Telling Tails
200 Acres
There’s a verse I like in a popular country song by Rodney Atkins.
And it makes me wanna take a back road
Makes me wanna take the long way home
Put a little gravel in my travel
Unwind, unravel all night long
Makes me wanna grab my honey
Tear down some two lane country who knows
Get lost and get right with my soul
Makes me wanna take, makes me wanna take a back road
The “honey” I grab is my dog Murray and the gravely back road is one at work I like to walk to clear my head. It begins as a paved road, climbs and winds behind our Education Center, then turns to gravel and dirt and leads to the back, undeveloped part of our property. Within 5 minutes of brisk walking, it climbs about 175 feet which seems much higher because of the panoramic view. During spring through summer, lupine blooms, creating a blue carpet in places.
The SPCA has a gift that few animal shelters anywhere enjoy; where many shelters have postage-stamp footprints in light industrial areas clustered with public works buildings, we’re situated on about 200 rural acres.The property was gifted to the SPCA in the early 1960s to provide a home where no neighbors would ever be bothered by the animals. Our previous one had been on David Avenue in Monterey, very much residential and not the best spot for a busy, growing animal shelter.
The primary donor of the transcendent gift was a countess, which is a story unto itself. Claude Kinnoull, or the Countess Kinnoull as she would later be known, was born in England. She married the Earl of Kinnoull at the end of World War I. The Countess was a world class sports car driver, painter and writer. She was also under the services of both the British and French Secret Service during World War II. I’m thinking she was 005 or 006 and also took her martini shaken.
The Countess supported Catholic missions and traveled through Egypt and South Africa. She moved to the US in the 1940s and picked Carmel after reading about the local thriving artists and writers’ colony in a brochure. Lucky for us! An animal lover, she found the SPCA and joined our board of directors in 1949, secured the gift of land with a few others in the early 1960s, and remained active through ‘75. She passed away in 1980 at the age of 85.
Sign on Meryl Streep or Hellen Mirren to play the Countess and just hand over the Oscar!
The acres are among our organizational assets. We can’t develop them and can’t sell them (even if we wanted to, but don’t!) as they are deed restricted for animal welfare work. Most of our buildings sit on a 4-acre “bowl” a few hundred yards from the entrance on Highway 68. The remaining acres are beautiful, mostly rugged and entirely undisturbed with slopes far exceeding County limits for development.
The flat acres near Highway 68 also can’t be developed because we’re in a viewshed and can’t have new construction visible from the scenic highway. Poison oak is plentiful, as are quail, ticks, and ground squirrels. Parked vehicles are susceptible to rodent damage, especially newer models with soy based wiring in the undercarriage. The dirt back roads get washed out when we have heavy rains and we bring heavy equipment on site every few years to maintain them.
Our property is a gift that requires great -- and not inexpensive -- care, but affords us wonderful benefits: first and foremost, we have a quiet, beautiful setting for staff, volunteers, visitors and animals, especially our rehabilitating wildlife, which we house in facilities high above the other buildings. We have a buffer from neighbors and don’t worry about what might be built up around us. We have trails for volunteers to walk dogs and a great setting for kids’ camps.

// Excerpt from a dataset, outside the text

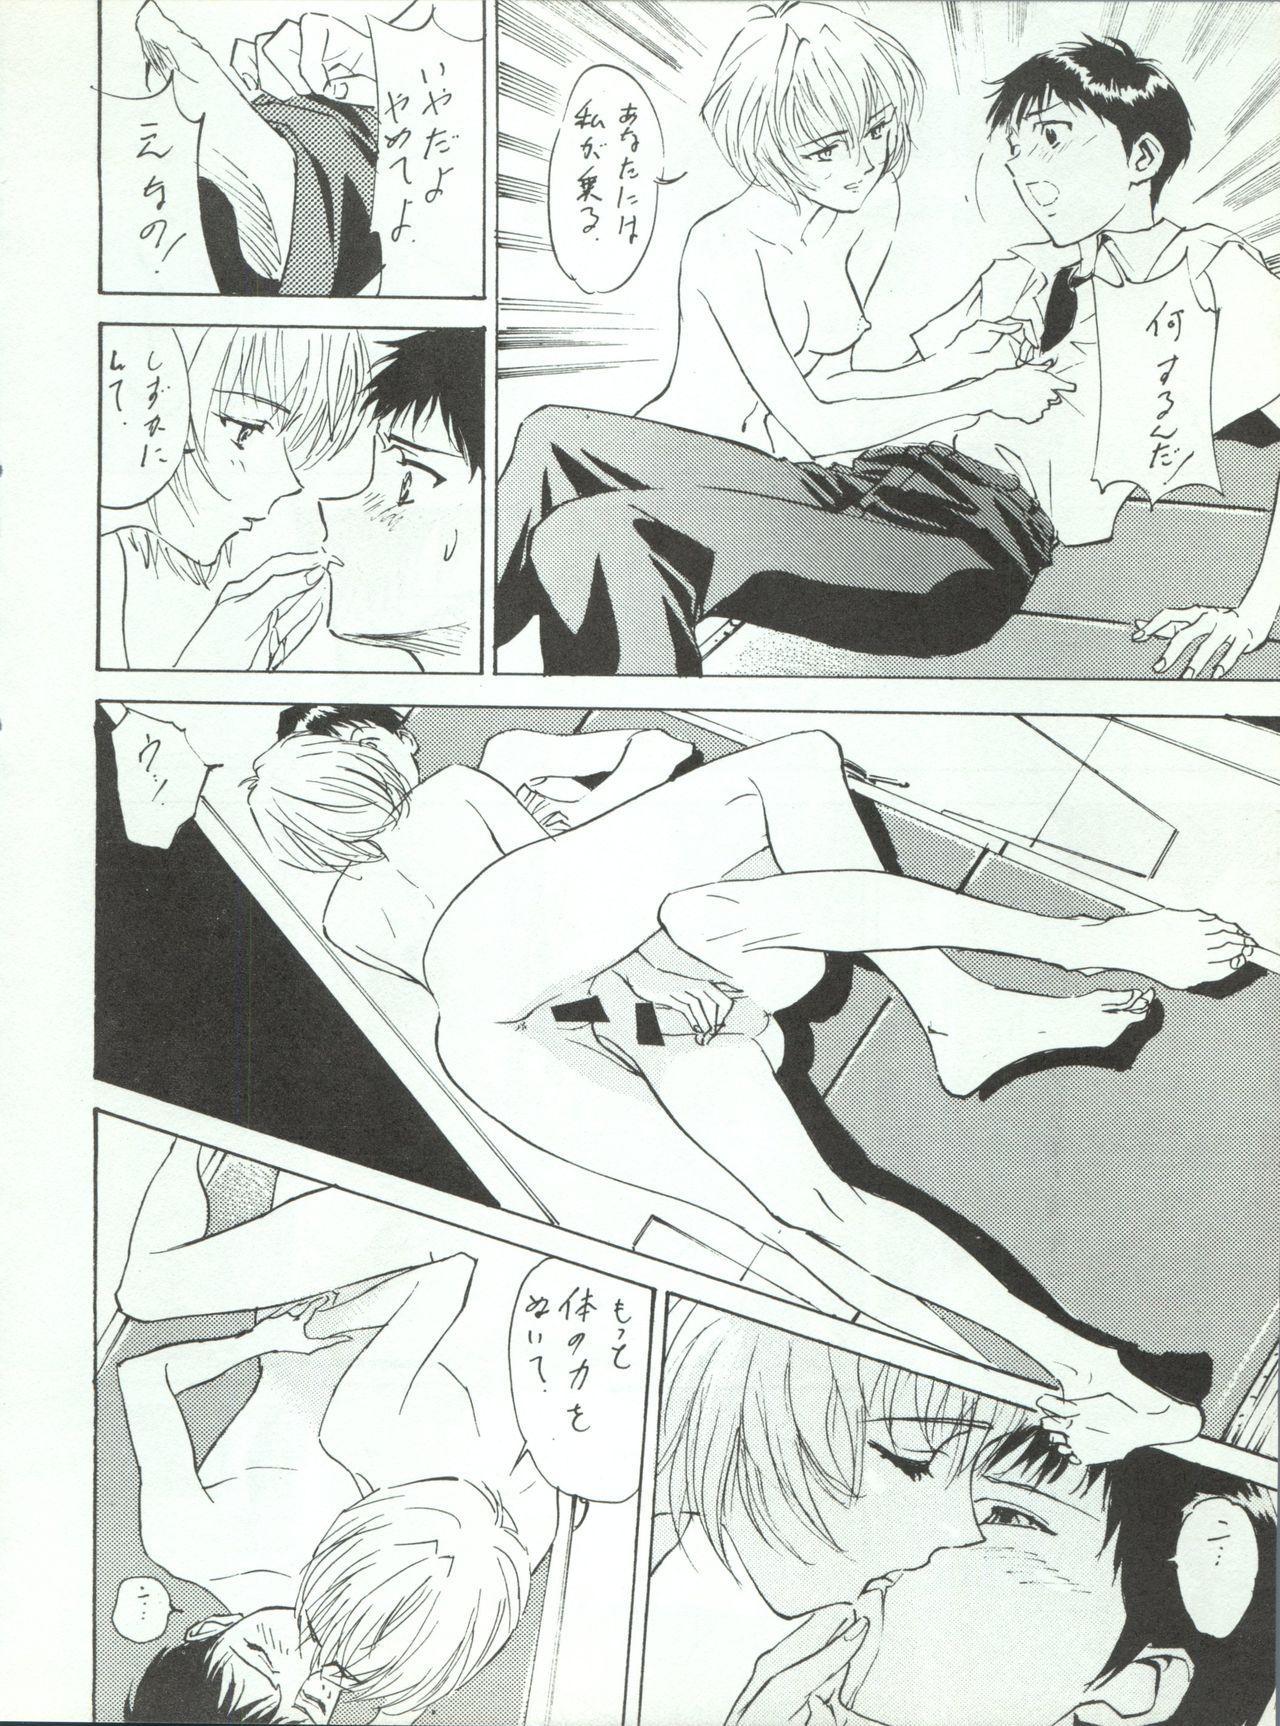 Wanpaku Anime 5 Daibakugeki 18

The Countess would be so pleased to see how we’ve taken care of our gift and used it to impact animals and people.
When I told co-workers and friends back in the Bay Area I was leaving for my current position at the SPCA for Monterey County, more than one responded with another country song title: “God’s County!” I can’t imagine a better setting to operate what I believe to be an expansive range of programs and services that far exceeds what is offered by all but a few welfare organizations in the US.